Attorneys for the landowners said they would appeal within 30 days.
The pipeline starts in North Dakota and ends at a distribution hub in Illinois, crossing 18 Iowa counties on its way.
Despite continued protests and court actions over a missing link in North Dakota as the route crosses the Missouri River, the pipeline is otherwise mostly done - including having been built already on the land owned by the 14 seeking a court to intervene.
However, District Court Judge Jeffrey Farrell ruled the case is not moot because the line had yet to carry any oil.
Some landowners argued the pipeline would damage tile drainage systems on their farms, and their attorney asked for it to be removed.
Still, the judge ruled against claims from the landowners that they had not been afforded due process and that - importantly - state regulators should never have conferred on a private company the authority to condemn land for a line that does not directly serve Iowans.
When the three-member Iowa Public Utilities Board issued a final order March 10, 2016, to permit the pipeline, it granted the developer authority to use eminent domain in some cases where it could not negotiate an easement.
Citing Iowa Code in his ruling Wednesday, Judge Farrell wrote that lawmakers 'clearly gave the board authority to grant rights of eminent domain to pipeline companies.”
Bill Hanigan, an attorney for the landowners with the Davis Brown Law Firm, argued the utilities board misinterpreted Iowa law and the takings clause in U.S. Constitution. He argued that Dakota Access does not serve a 'public use” and therefore should not be allowed to force the sale of land from unwilling owners.
'A private, out-of-state company, which doesn't serve Iowans, should not be able to use eminent domain to seize Iowa farmland for the purpose of exporting crude oil,” he said in a statement.

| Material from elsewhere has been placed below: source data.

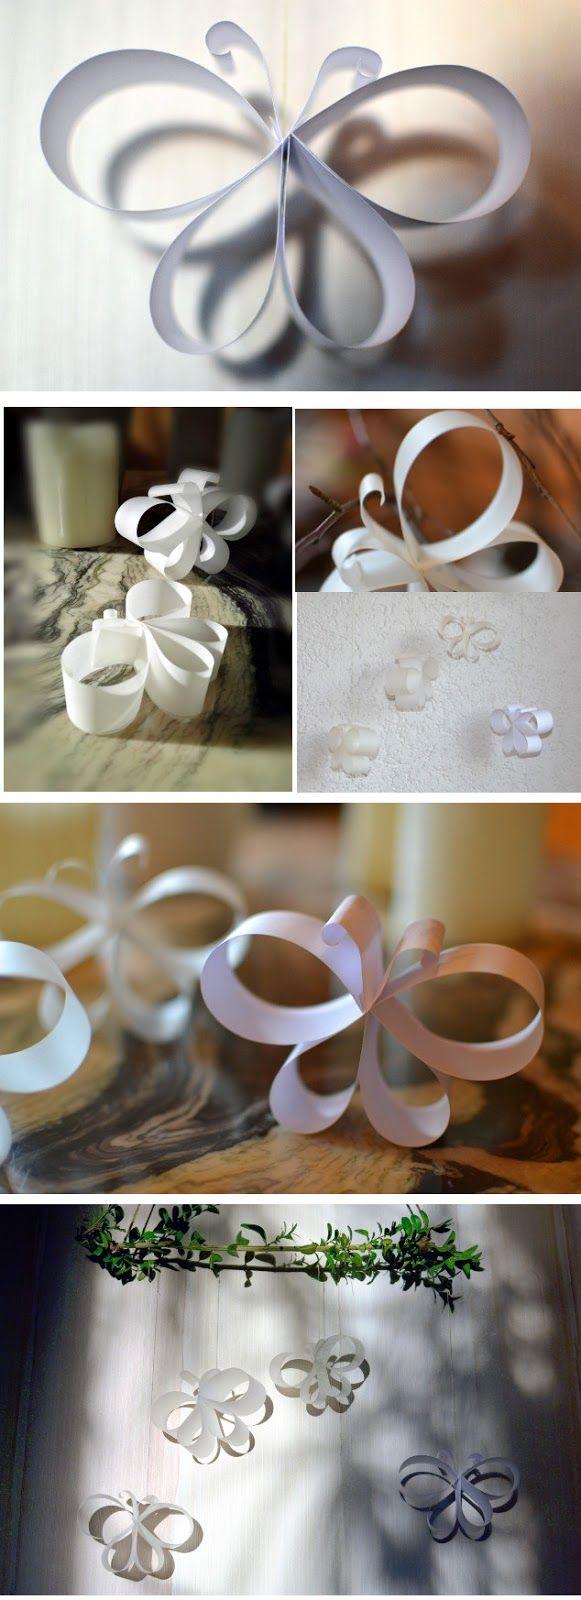 Hé, wie vliegt er? Eenvoudige vlinders gemaakt van papieren strips, goed geschikt …  – Frühjahr in Grün und Weiß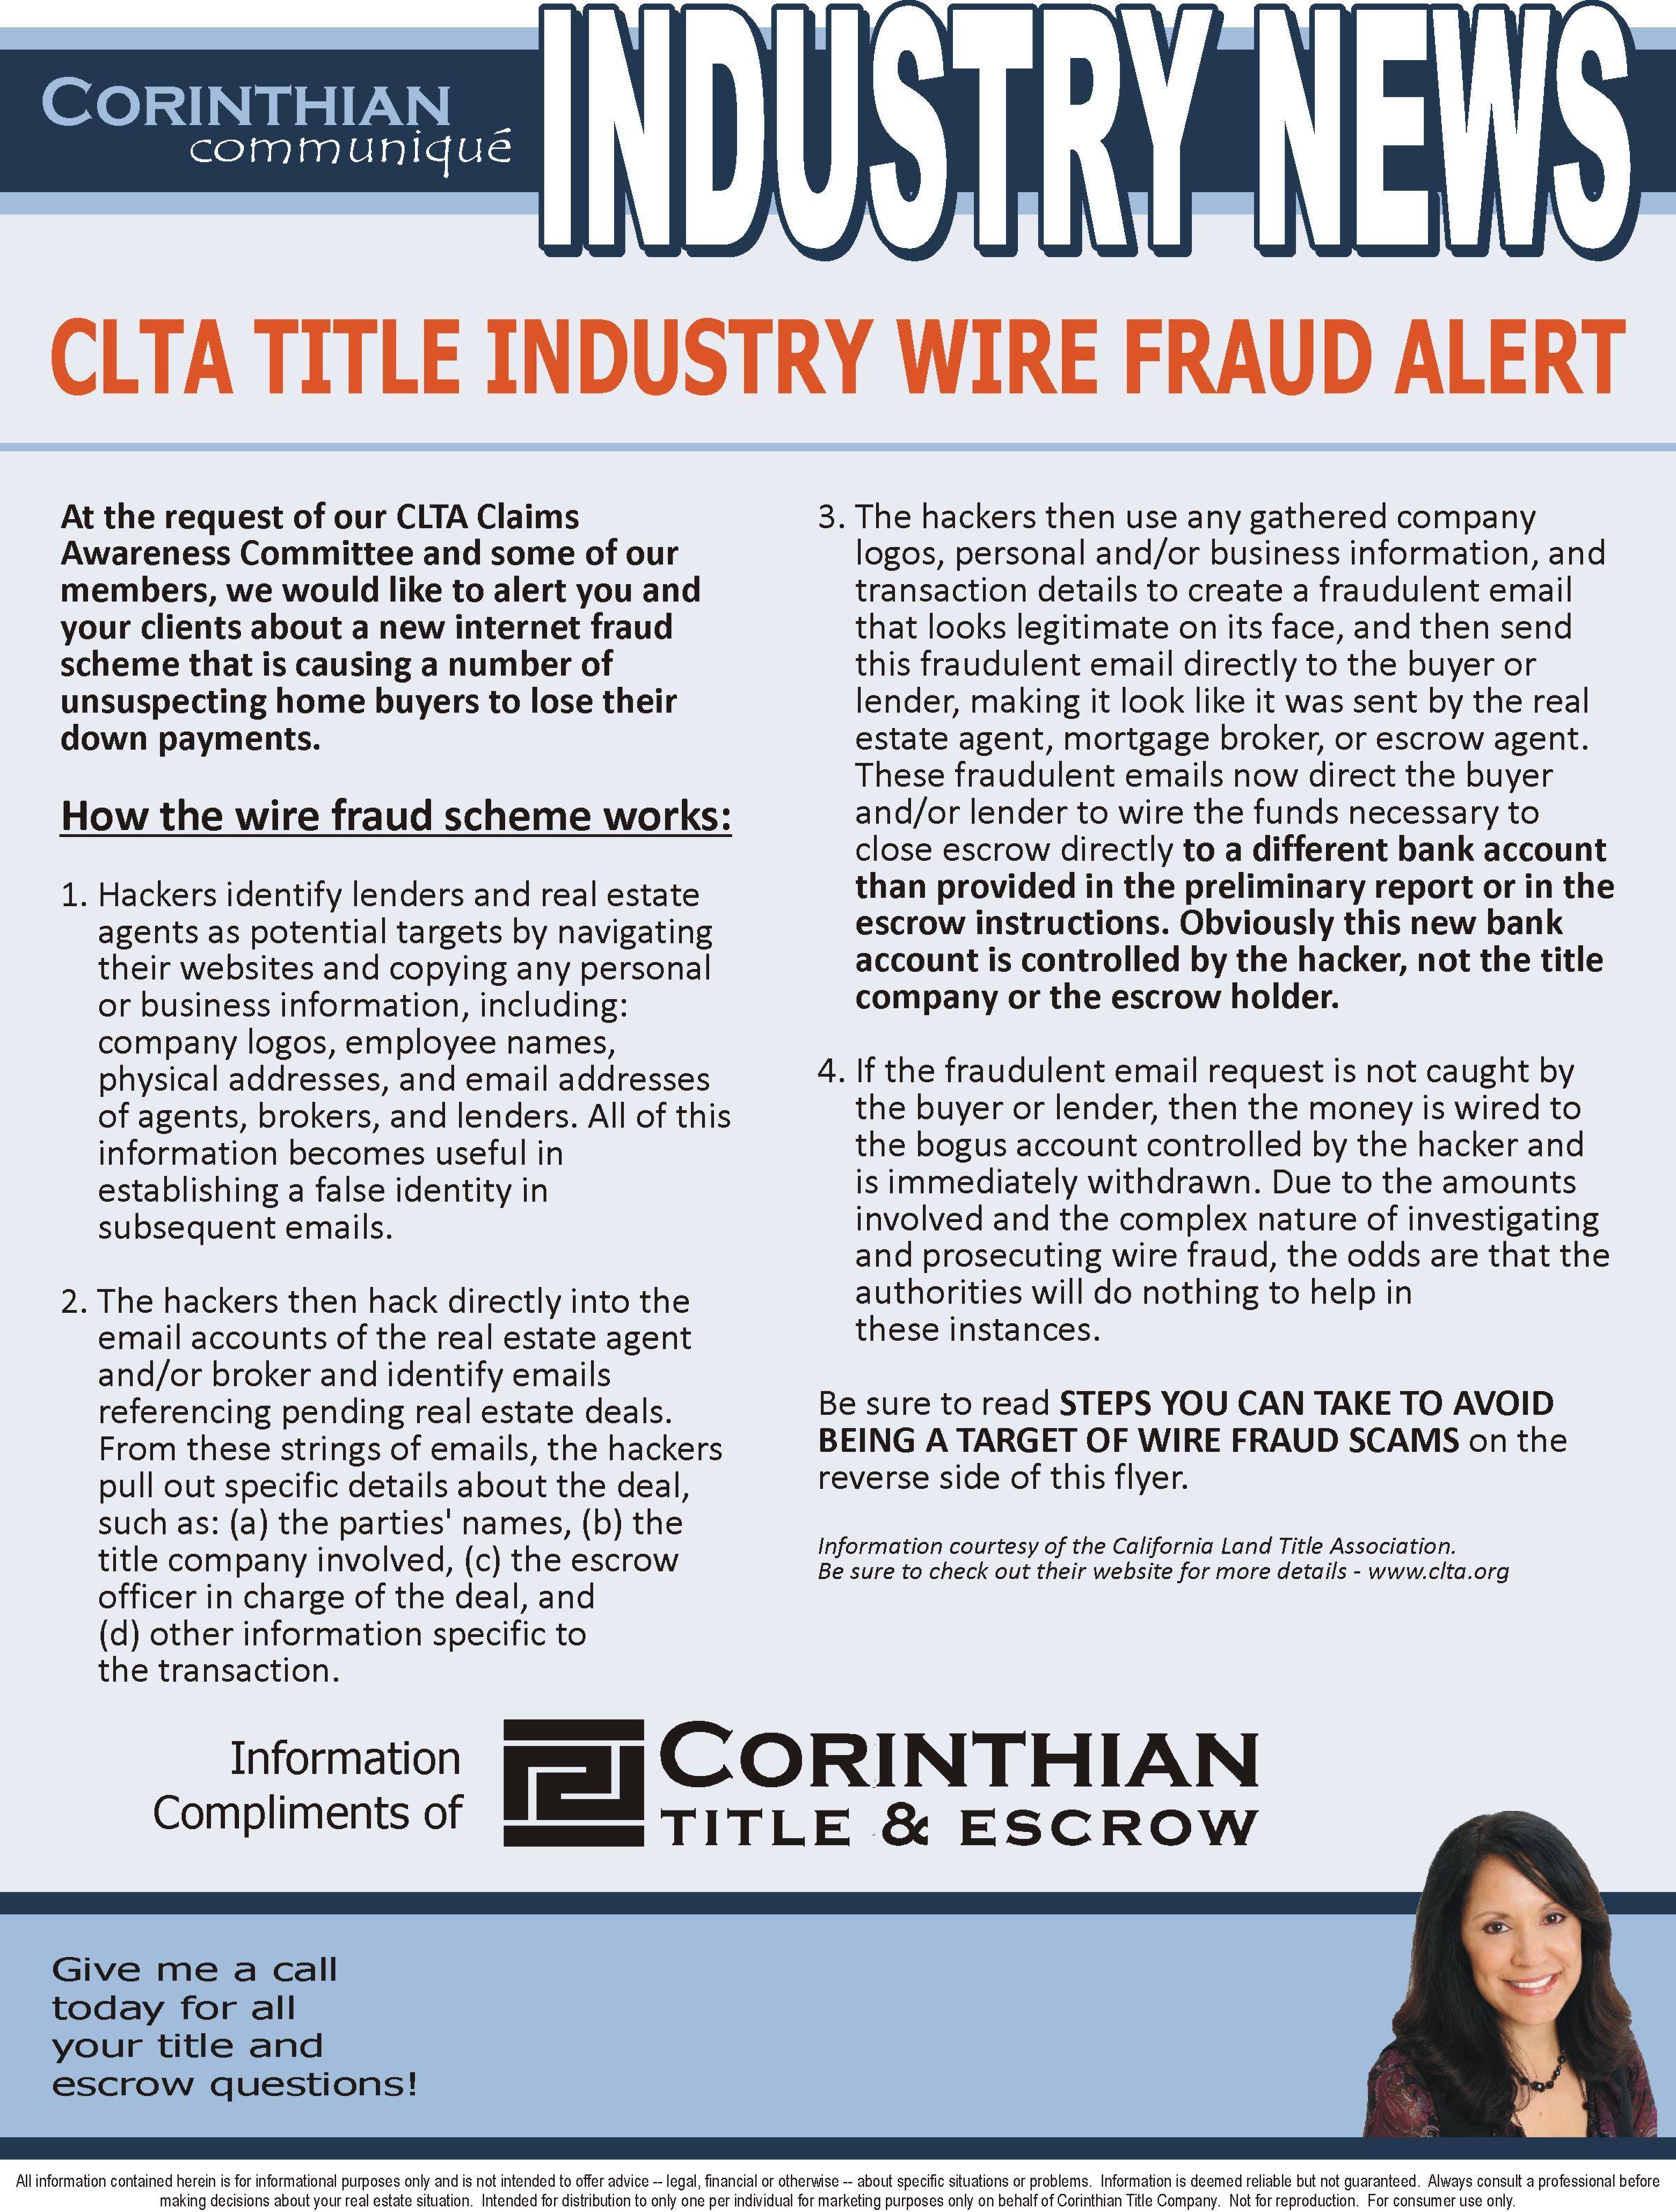 Wire Fraud Alert https://corinthiantitle.com/directory/carmen-vinti ...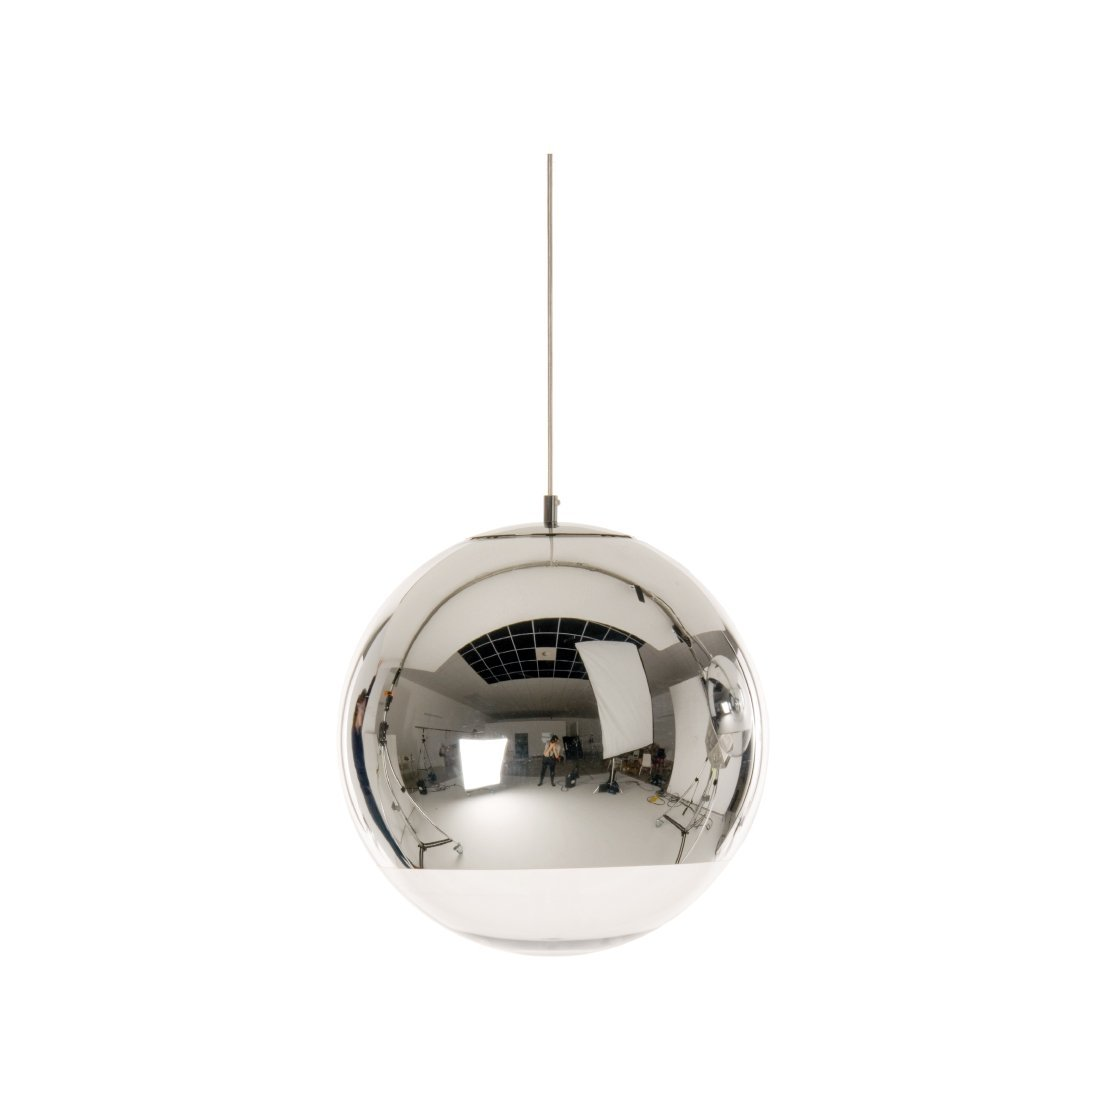 Tom Dixon Mirror Ball Hanglamp � 25 cm

Keith Puntenney (top left) of Boone puts up a banner that reads 'Farmers Against the Pipeline' before a public hearing about the Dakota Access pipeline before the Iowa Utilities Board at the Boone County Fairground in Boone on Nov. 12, 2015. Puntenney now is among landowners who are suing — so far unsuccessfully — to stop the underground pipeline from operating on their property. (Stephen Mally/The Gazette)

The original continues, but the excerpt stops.